The plugin has been designed to be highly customizable. You can customize the following aspects of the plugin.
The plugin has default triggers such as:
- End of sentence:
.
!
?
- End of the line:
\n
- List or task items.
- etc.
If you prefer different triggers, you edit or remove the default triggers or add your own.
To do this, go to the settings and triggers section.
If you press the +
button, you can add a new trigger.
You must decide if each trigger is a string or a regex trigger.
If you select string, the plugin will check if the prefix ends with this specific string.
If you select regex, the plugin will check if the prefix matches the regex.
Do not forget to add the end-of-line symbol ($
) for the regex triggers. Else you might match in the middle of the prefix.
Also, be aware that more trigger-happy triggers can result in more API calls and, thus, higher costs.
The trigger delay is the amount of time the plugin stays in the queueing state before going to the predicting state. This delay prevents the plugin from making too many API calls by automatically canceling the prediction request if the user continues typing. You can configure this delay in the settings. Increasing this delay will reduce the number of API calls but will also make the plugin feel less responsive. So you should find a balance between these two factors that works for you.
The LLM models also have certain hyperparameters that can be tuned. For example, you are free to change the following parameters:
temperature
: Controls randomness. Lower temperatures result in more repetitive and deterministic responses. Higher temperatures will result in more unexpected or creative responses.top_p
: Like the temperature, lowering Top P will limit the model's token selection to likelier tokens. Increasing Top P expands the model's token selection with lower likelihood tokens.max_tokens
: The maximum number of tokens the model is allowed to generate. This includes the chain of thought tokens before the answer.presence_penalty
: Reduce the chance of repeating any token that has appeared in the text so far. This increases the likelihood of introducing new topics in a response.frequency_penalty
: Reduce the chance of repeating a token proportionally based on how often it has appeared in the text so far. This decreases the likelihood of repeating the exact same text in a response.
These parameters allow you to customize the model's creativity and reliability. Feel free to experiment with these parameters to find the best settings for you.
Before the text is sent to the API provider, the plugin will do some preprocessing.
This typically involves removing some text that is not relevant to the API provider.

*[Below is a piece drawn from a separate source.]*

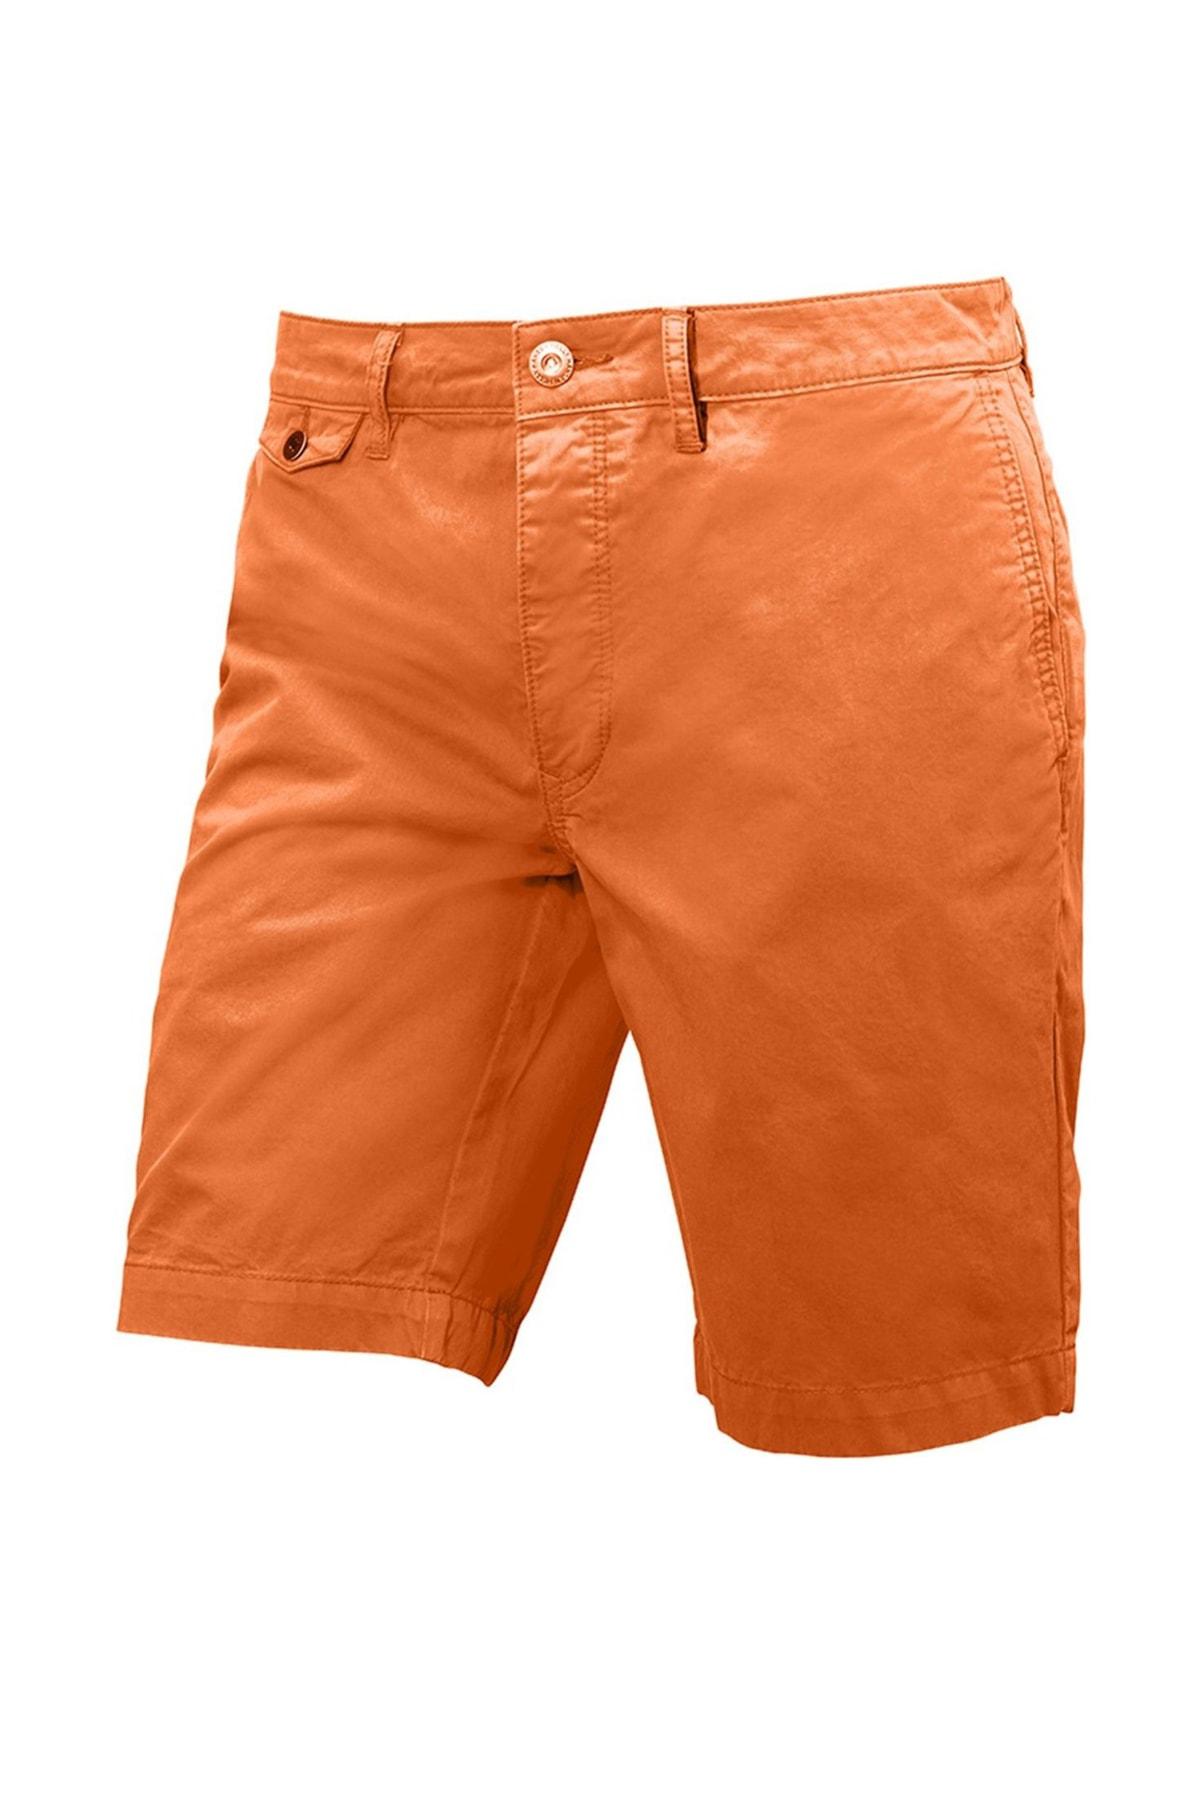 "Helly Hansen Bermuda Shorts 10"" Şort & Bermuda HHA.54135 1"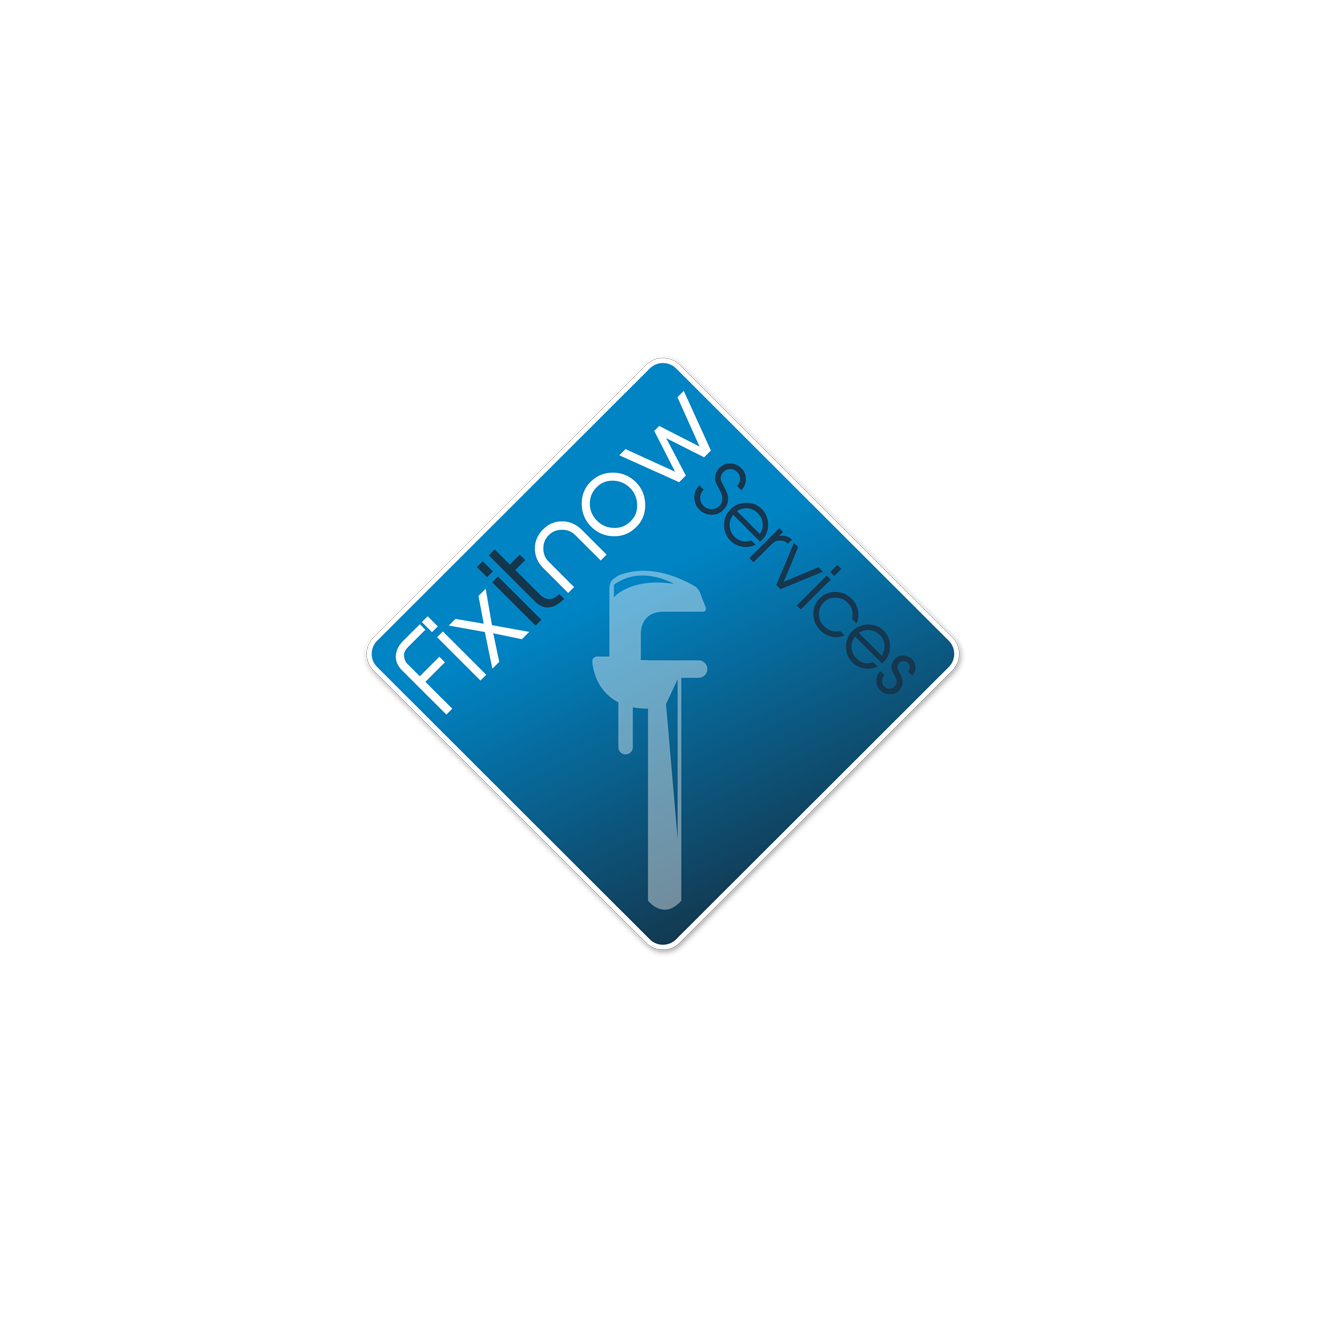 Fixitnow Services LLC

The most important thing here is the number of characters in the prefix and suffix that you want to include in the prediction request.
These settings will truncate the prefix to the last n
characters and the suffix to the first m
characters.
Especially for large documents, this can significantly reduce inference time and costs.
However, if you set these values too low, the model might not have enough context to generate a good response.
So you should find a balance between these two factors that work for you.
For advanced users, we also provide the option to customize the prompt engineering aspects of the plugin. These settings are hidden by default, but you can make them visible by enabling the advanced model setting. Feel free to experiment with these settings to find the best ones for you. If you mess up the settings, you can always reset them using the factory reset button to the default values. Be aware that this will reset all the settings to the default values. So ensure you have a backup of your settings if you want to keep them.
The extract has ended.